What you return must match the listing below exactly, minus any pictures.

AVAILABLE DATA —
= = = = = = =

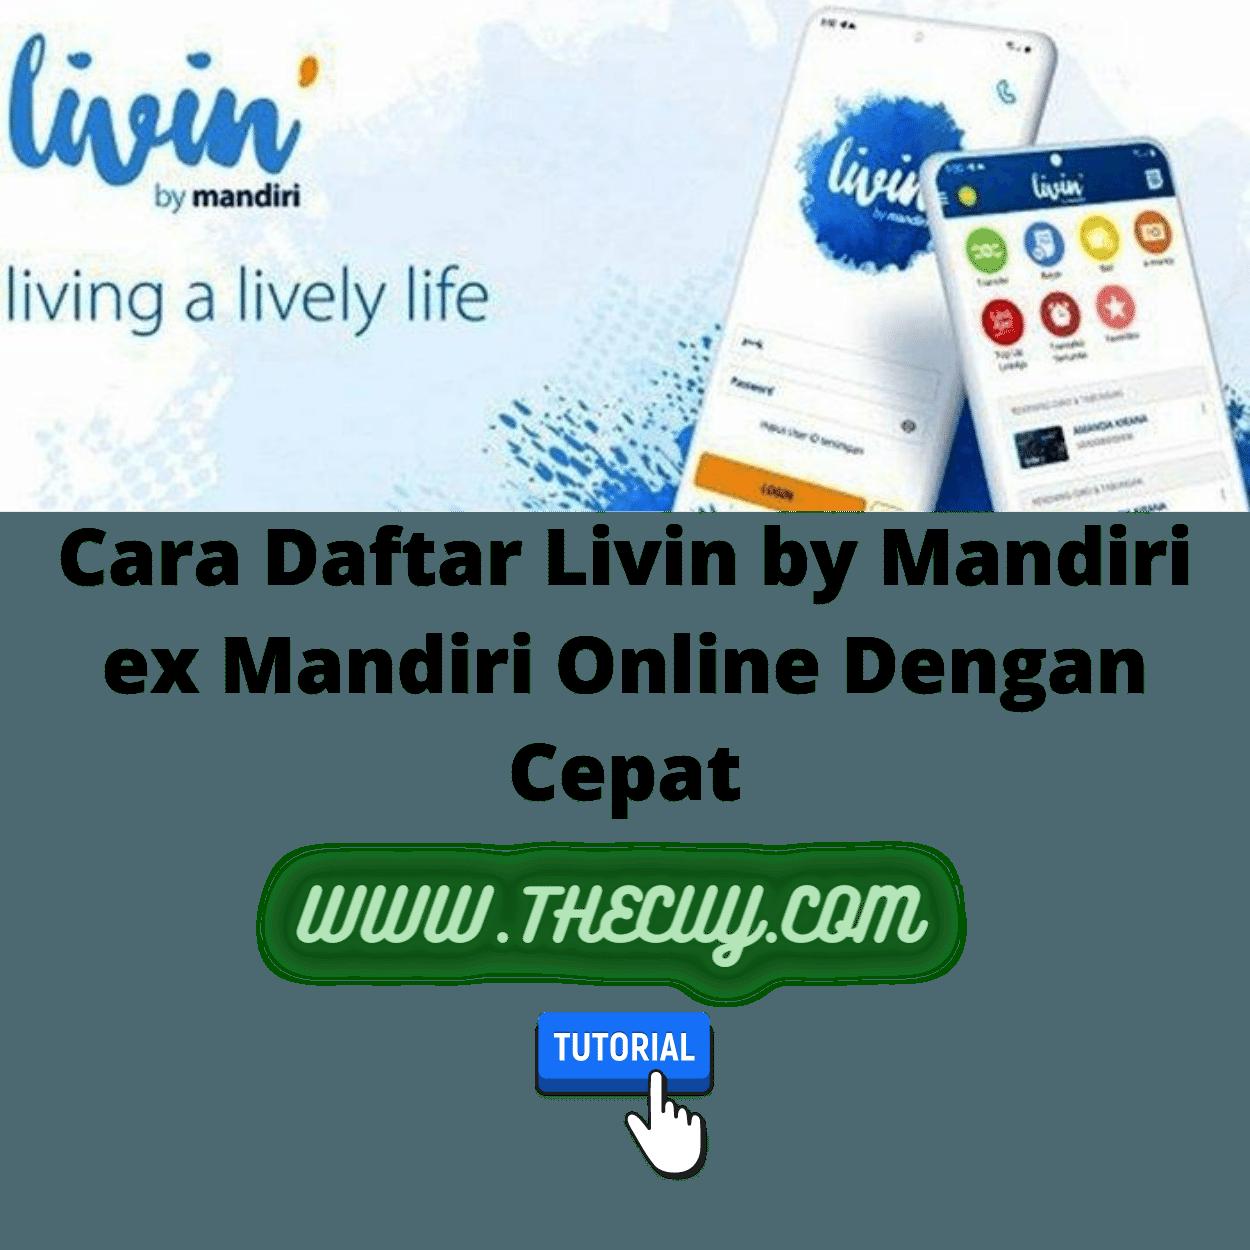 Cara Daftar Livin by Mandiri ex Mandiri Online Dengan Cepat
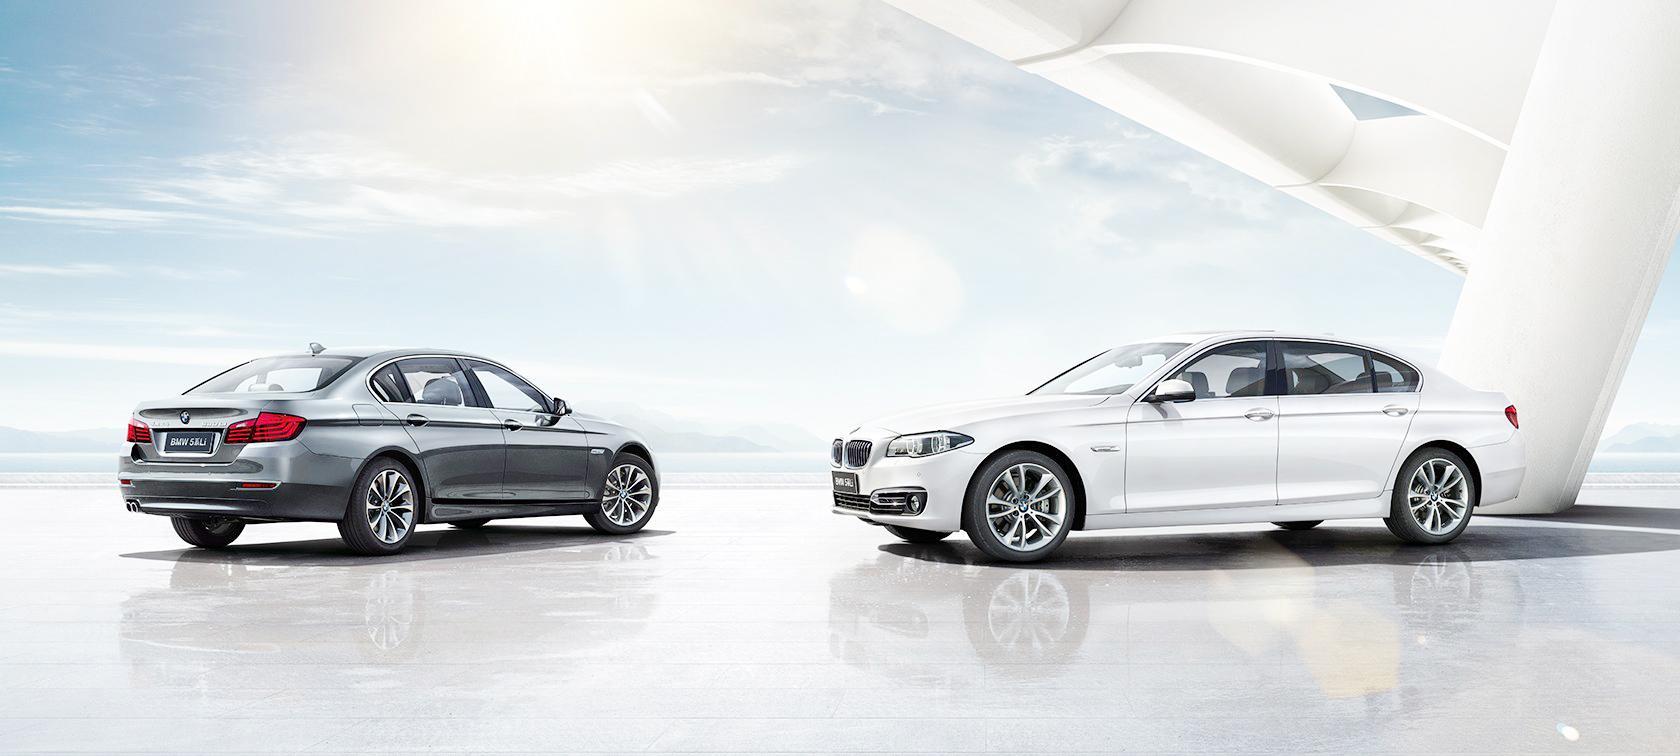 「车榜单」2017年4月 轿车销量与价格优惠排行榜
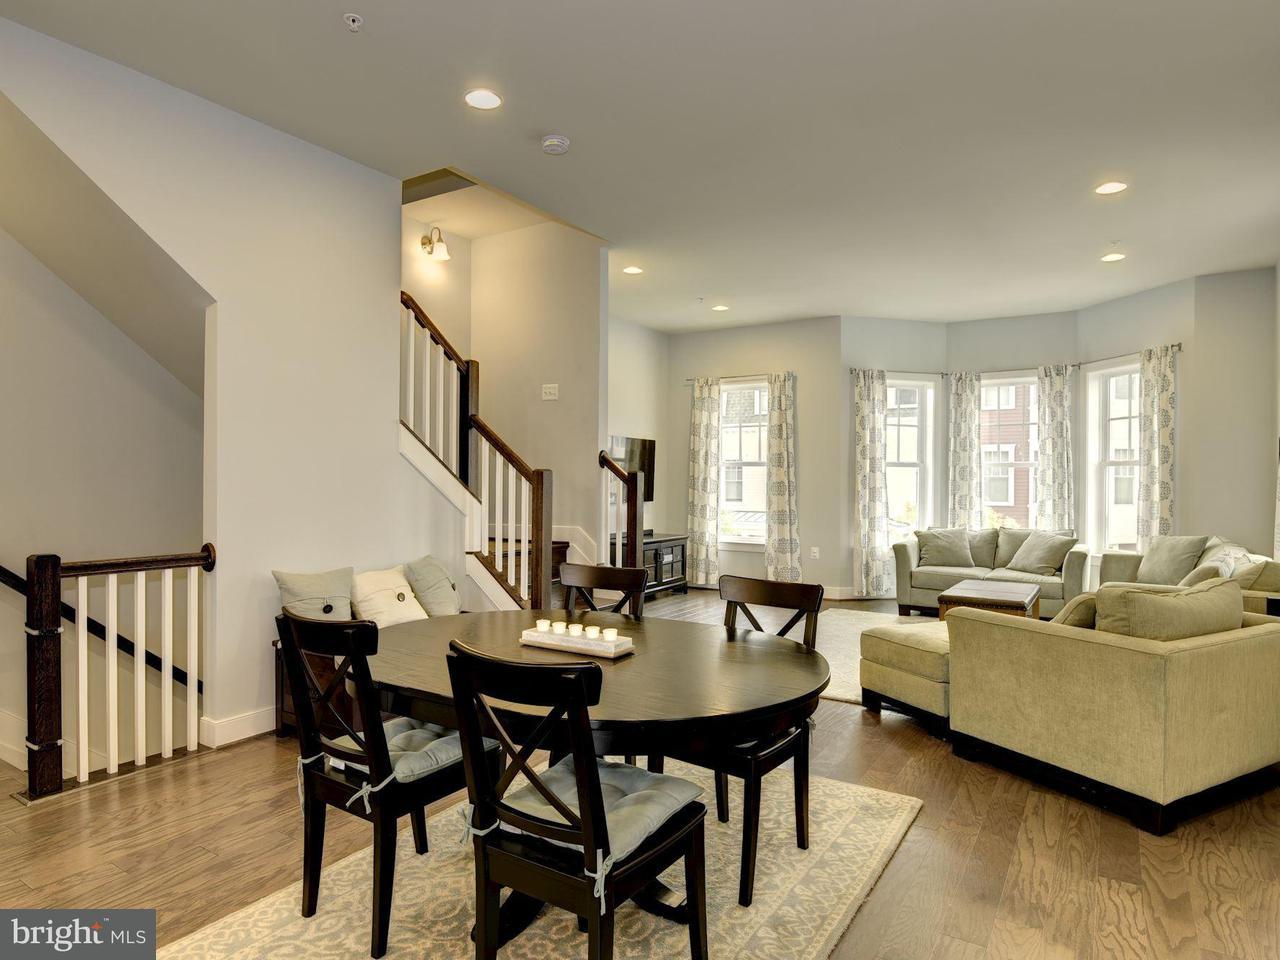 Townhouse for Sale at 602 E ALEXANDRIA Avenue 602 E ALEXANDRIA Avenue Alexandria, Virginia 22301 United States

= = = = = = =

OUTPUT —
 Cara Daftar Livin by Mandiri ex Mandiri Online Dengan Cepat
 「车榜单」2017年4月 轿车销量与价格优惠排行榜
 Townhouse for Sale at 602 E ALEXANDRIA Avenue 602 E ALEXANDRIA Avenue Alexandria, Virginia 22301 United States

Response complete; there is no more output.